On 2011-03-01 15:52, Vinzenz Bargsten wrote:
> Am 28.02.2011 20:39, schrieb Jan Kiszka:
>> On 2011-02-28 17:15, Vinzenz Bargsten wrote:
>>   
>>> Am 27.02.2011 19:49, schrieb Vinzenz Bargsten:
>>>     
>>>> Hi,
>>>>
>>>> I have setup RTNet with the rt_8139too module and use it to communicate 
>>>> with a 
>>>> non-tdma station.
>>>> This works quite goot so far, however every now and then no more packets 
>>>> are 
>>>> received.
>>>> I checked that the other station sends packets ( it does ), but nothing 
>>>> shows 
>>>> up anymore using wireshark / rt_cap module.
>>>> When I execute rtping then, everything works fine again. Even some old 
>>>> packets 
>>>> then show up in wireshark,
>>>> also when the remote station isn't sending anymore or the cable has been 
>>>> disconnected.
>>>>
>>>> These abrupt disconnections are quite problematic for my application 
>>>> (robot 
>>>> movement).
>>>>
>>>> syslog shows messages like <interface> enters/leaves promiscuous mode, and 
>>>> if
>>>> I execute rtping  an "Abnormal interrupt 00000020" message appears.
>>>>
>>>>       
>>> Here is a syslog from loading the rt modules to several times where no 
>>> packets 
>>> are received any longer,
>>> rtping somehow fixes this each time
>>> --------------------------------------------------------------------------------------------------------
>>> <loading rt modules,
>>> reload normal 8139too module for second nic>
>>>
>>> Feb 28 14:37:12 robot02 kernel: [ 2700.032927]

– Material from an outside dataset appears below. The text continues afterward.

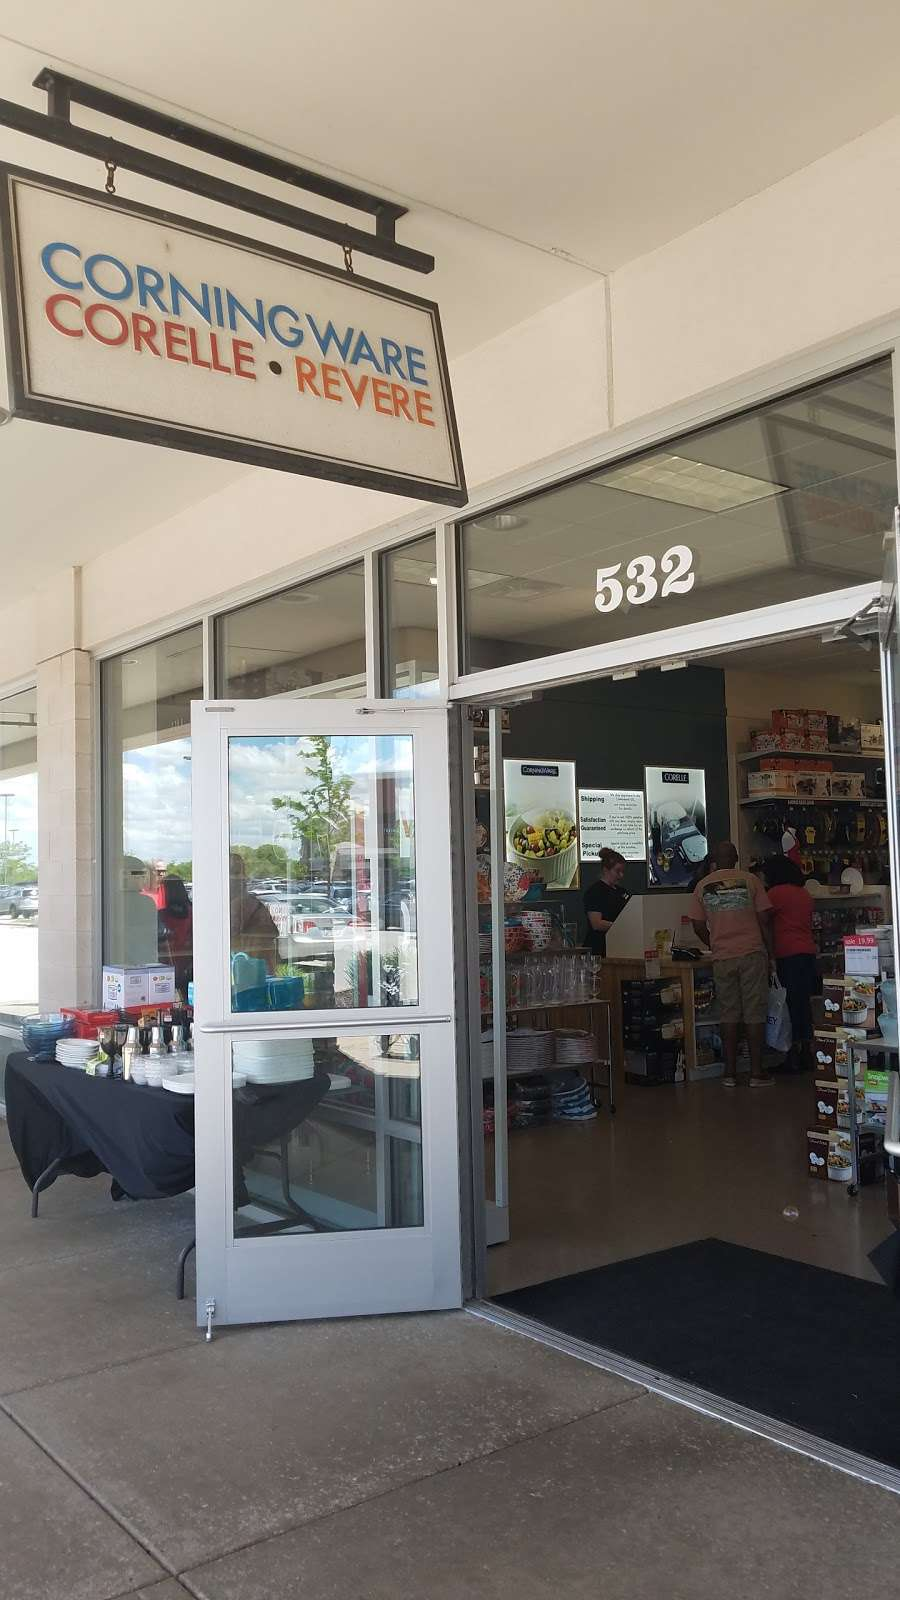 Corningware, Corelle & More - furniture store  | Photo 3 of 5 | Address: 11601 120th Ave #532, Pleasant Prairie, WI 53158, USA | Phone: (262) 857-7949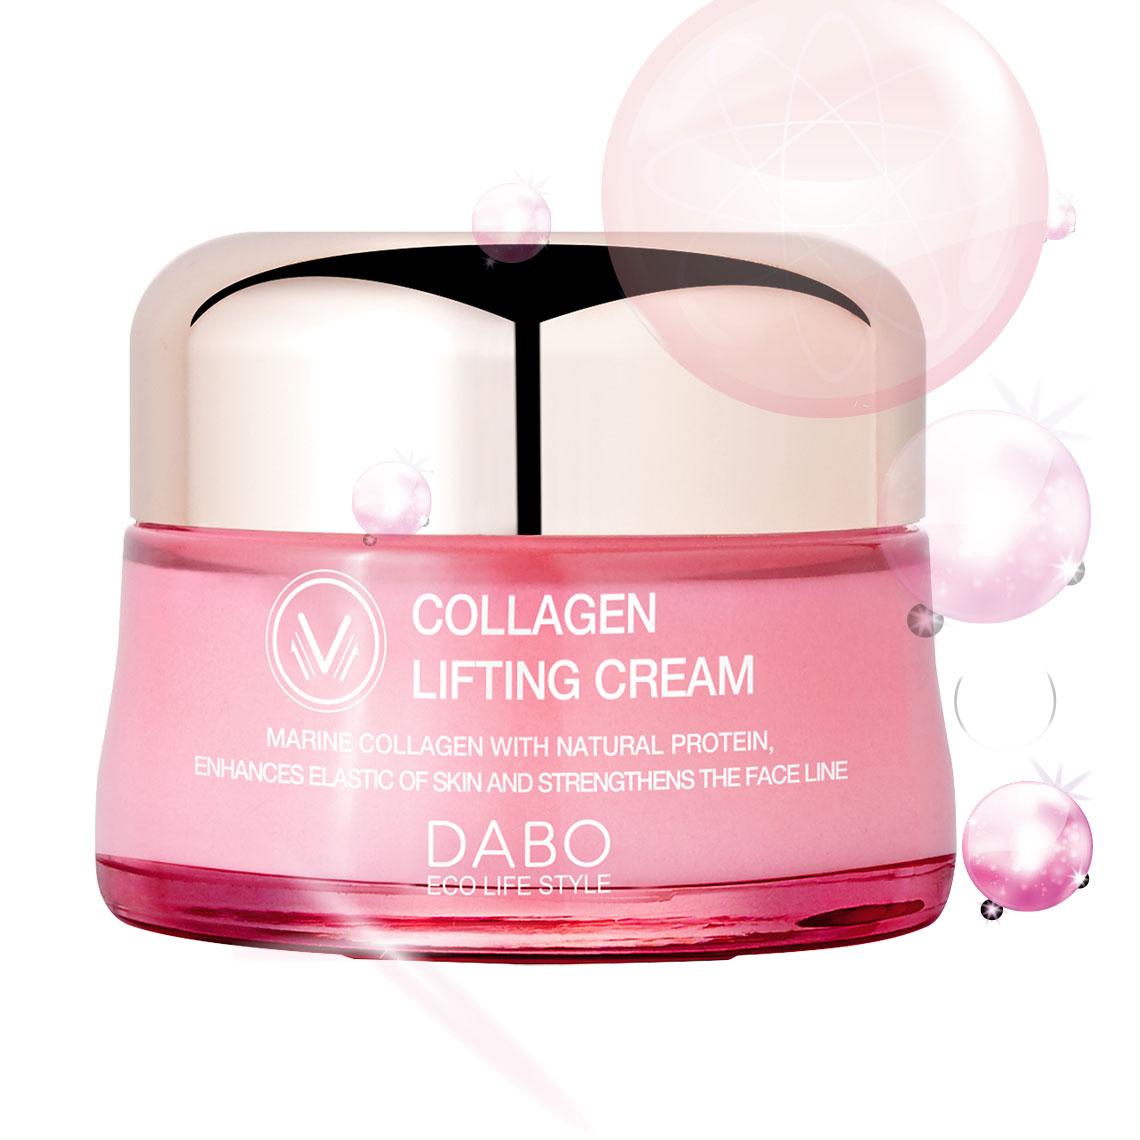 Kem cao cấp Collagen nâng cơ da - DABO Collagen Lifting Cream

>>> Feb 28 14:37:12 robot02 kernel: [ 2700.032927] *** RTnet 0.9.12 - built on 
>>> Nov 
>>> 16 2010 17:58:50 ***
>>> Feb 28 14:37:12 robot02 kernel: [ 2700.032928]
>>> Feb 28 14:37:12 robot02 kernel: [ 2700.032930] RTnet: initialising 
>>> real-time 
>>> networking
>>> Feb 28 14:37:12 robot02 kernel: [ 2700.083904] initializing loopback...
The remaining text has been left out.